For those children who have been having crises, we suggest that the children limit their protein intake to the recommended intake level. We also suggest that the protein-containing meal not be given near the end of the day, so that it doesn’t sit in the digestive system during sleep when there is very little movement in the colon. For those children whose only source of nutrition is enteral formula, we suggest that you discuss the matter with the treating physician and consider using other formulations that have a lower protein content or are low in tyrosine (e.g., Tyrex products, Abbott, or Tyros products, Mead Johnson), the amino acid that is broken down into tyramine.


Increase in appetite: Some of the children who are now being limited to the Recommended Daily Allowance (RDA) of protein have actually put on weight and are achieving weights that they had never achieved before. When discussing this with the children, they have informed us that they are no longer going through periods of nausea and that they are eating more because they are hungry. Parents have commented that since reducing the protein intake of their children, the children have developed voracious appetites. Whether the weight gain is due to the increased consumption of food or whether the metabolism of those with FD is negatively impacted by an excess amount of protein intake is not clear. Parents who have put their children on this diet also have reflected on the fact that their children are in a better mood and that they appear to have a greater ability to focus. These observations are really not very surprising, as even small amounts of tyramine can negatively impact the health and well-being of a child with FD.
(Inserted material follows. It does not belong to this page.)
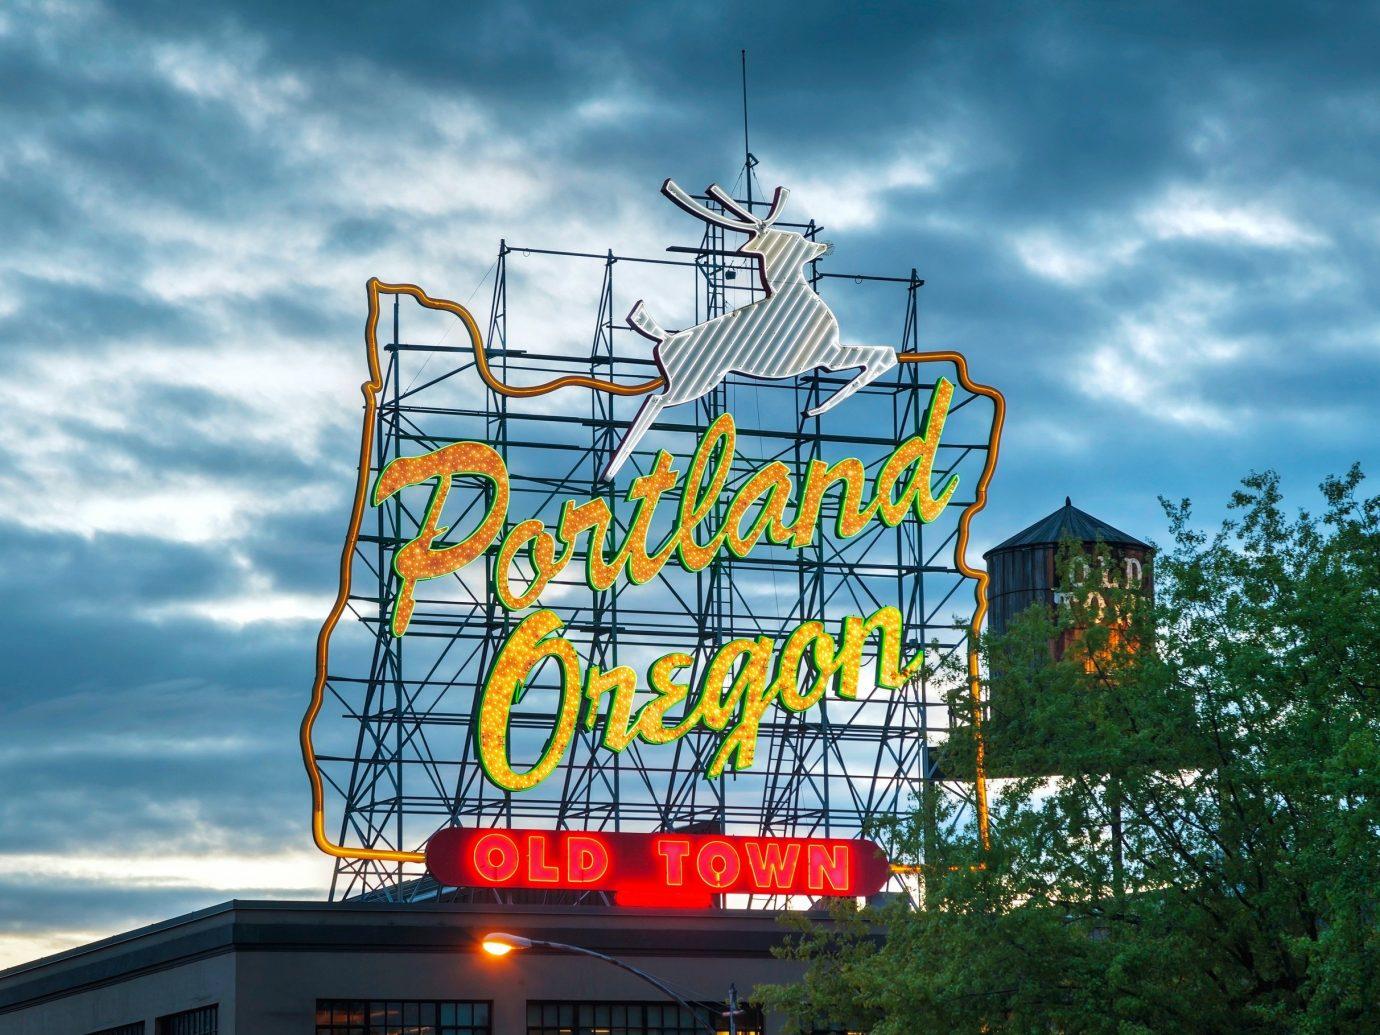 Budget sky outdoor text sign landmark urban area amusement park park tower

Chronic kidney disease: Chronic kidney disease is a complication of FD and excess protein intake causes kidney damage (see: http://www.mayoclinic.com/health/high-protein-diets/AN00847 ). A review of the nutritional information of various formulas consumed by children with FD reveals, for example, that 1000 ml of Compleat contains 48 grams of protein, which is approximately 2.5 times the amount appropriate for a child 4-8 years old, and 1000 ml of Pediasure has 30 grams of protein, which is 50% more than the amount appropriate for a child 4-8 years old. In our view, it is possible that the use of feeding formulas that contain excess amounts of protein are contributing to kidney problems. Parents should discuss this issue with their child’s physician.

Osteopenia and osteoporosis: There is now clear evidence that the ingestion of excess protein results in the excretion of calcium from the body and can result in the development of osteopenia and osteoporosis [see: http://www.fwhc.org/health/high-protein-diet.htm (paragraph 5)]. As osteopenia and osteoporosis have been observed in many of the children with FD, it’s possible that the calcium loss observed in these children is at least partially due to the excessive intake of protein.